Ultrasound is a non-invasive diagnostic method and does not require additional tests. You only need to undergo chest fluorography (FLG), donate urine and blood for a general analysis. However, in order to make an accurate diagnosis, other studies are prescribed along with ultrasound, the number and list of which depends on the preliminary diagnosis.

Not only a gastroenterologist, but also other specialists can prescribe an examination. For example, an ultrasound examination helps a neurologist monitor the condition of the liver during long-term use of drugs that affect this organ; an allergist prescribes a prescription to identify pathologies of the liver and gallbladder that can cause an autoimmune disease; a hematologist is interested in the condition of the hematopoietic organs: the spleen and liver. They also prescribe a whole range of additional tests and studies.


Consultation with a gastroenterologist before performing an ultrasound of the abdominal organs

Colonoscopy results

A healthy large intestine has a smooth, shiny, pink mucous membrane, without areas of hyperemia or edema. Cicatricial changes, diverticula, pathological narrowing or expansion of the intestinal lumen, ulcers, and polyps are normally absent.

What some diseases look like:

The results of examining the intestinal walls with a video camera can be obtained shortly after the procedure. Based on the results of the conclusion, the attending physician makes a diagnosis or refers the patient for further diagnostics. If a biopsy was performed, the result of the examination of the fragment will be issued within two weeks. Microscopic examination allows you to make the most accurate diagnosis.

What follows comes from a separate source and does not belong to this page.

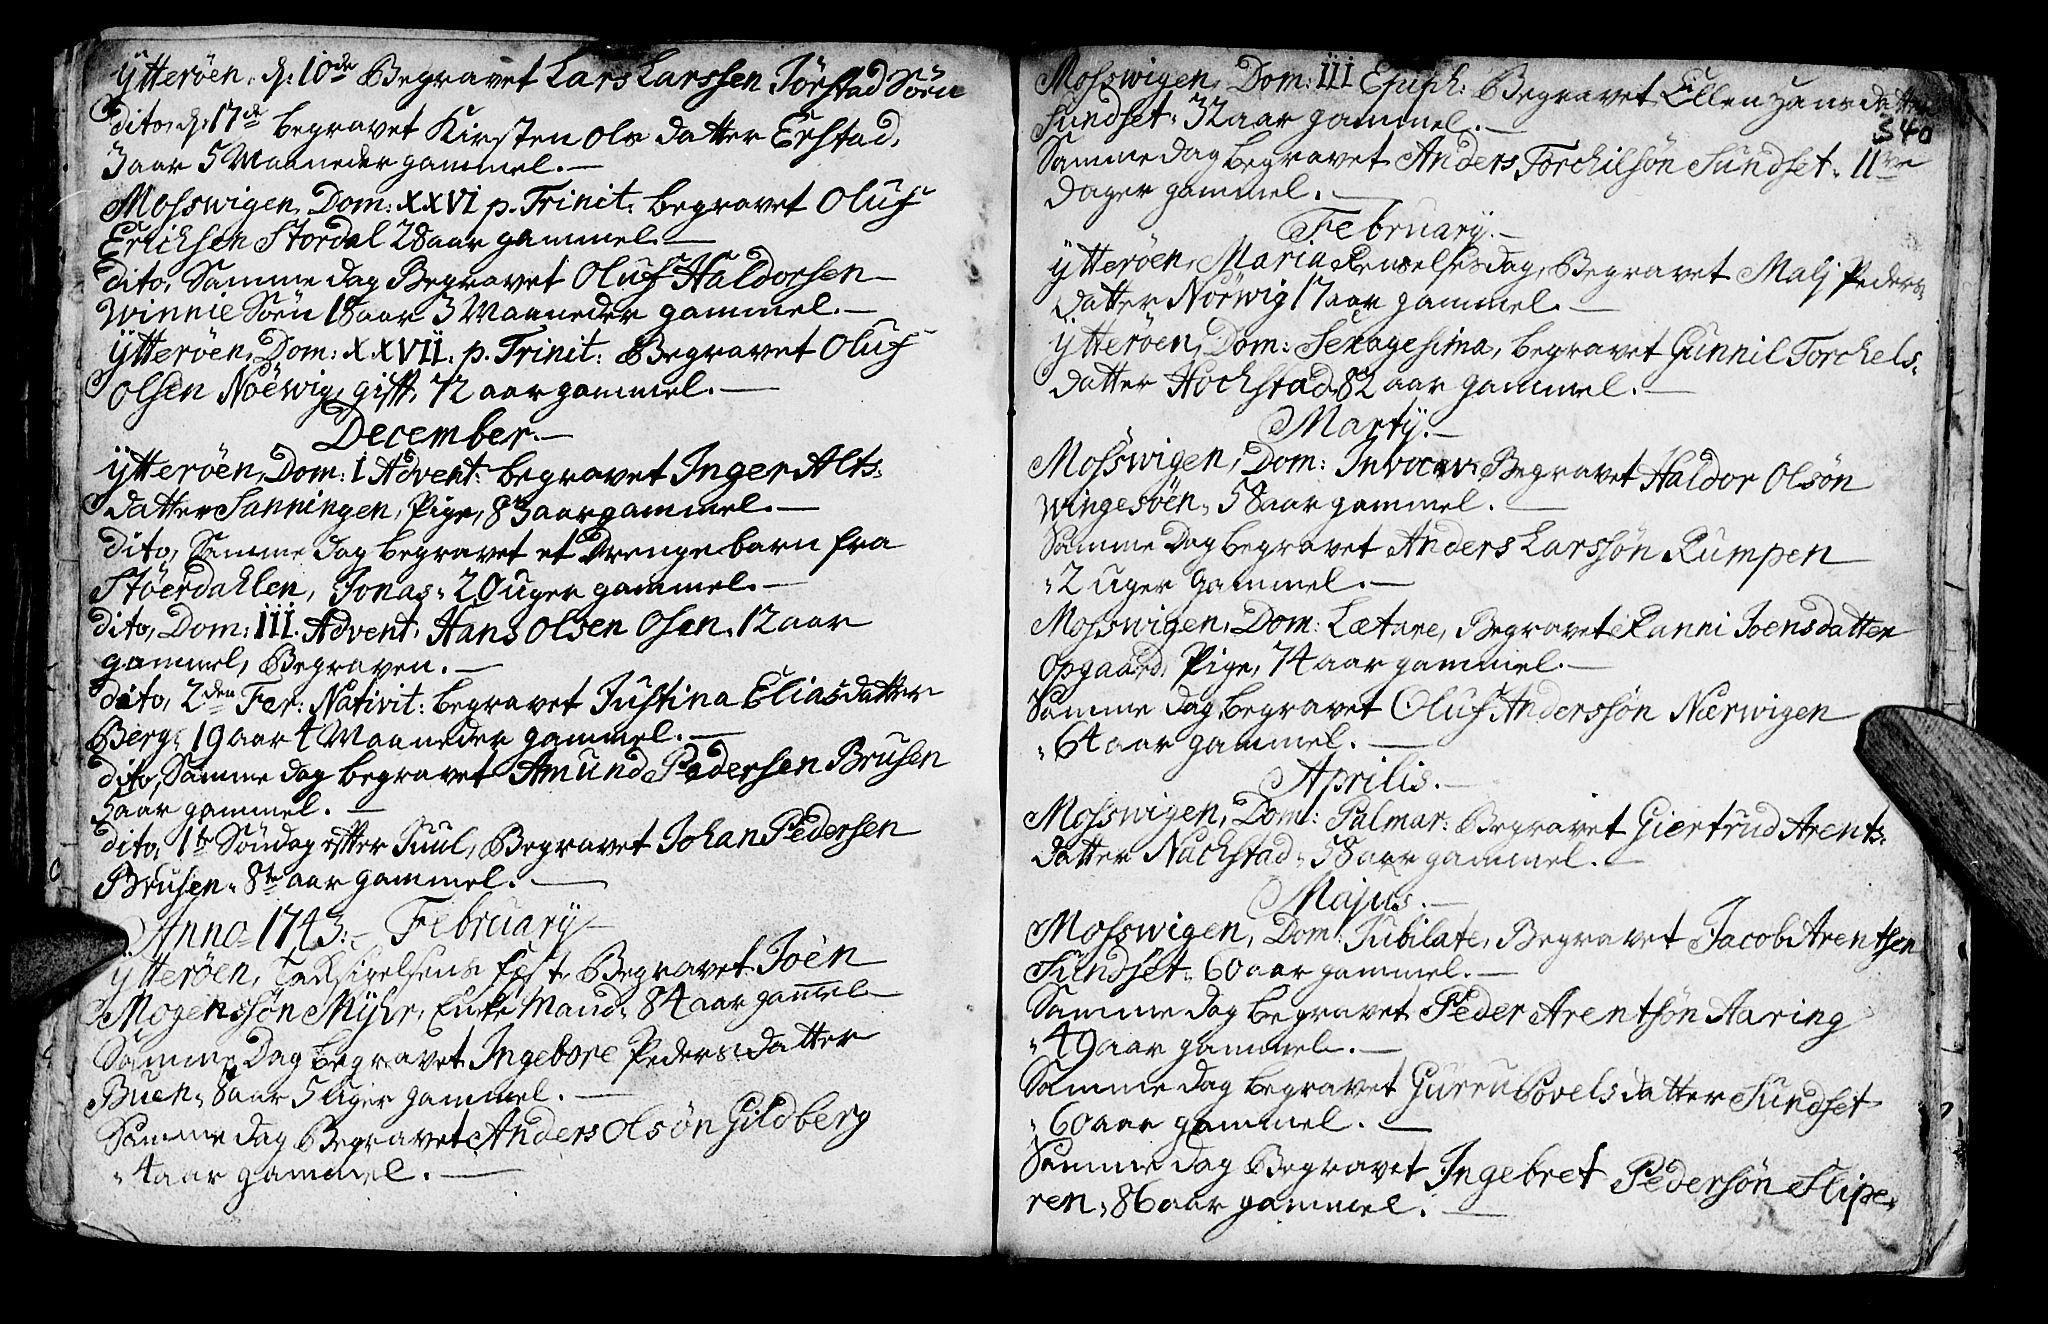 SAT, Ministerialprotokoller, klokkerbøker og fødselsregistre - Nord-Trøndelag, 722/L0215: Ministerialbok nr. 722A02, 1718-1755, s. 340

What can be detected on an ultrasound

Ultrasound is best combined with other diagnostic methods to provide a comprehensive picture of intestinal health.

During diagnosis, pathologies such as:

  • Inflammatory process in the appendix area;
  • Colitis (inflammation of the large intestine);
  • Diseases of the sigmoid colon;
  • Helminthic infestation and negative changes caused by it;
  • Hemorrhages;
  • Hemorrhoids and their inflammation;
  • Bowel displacement;
  • Obstruction.

In representatives of the fair sex, pathologies of the reproductive system can be detected during rectal diagnostics.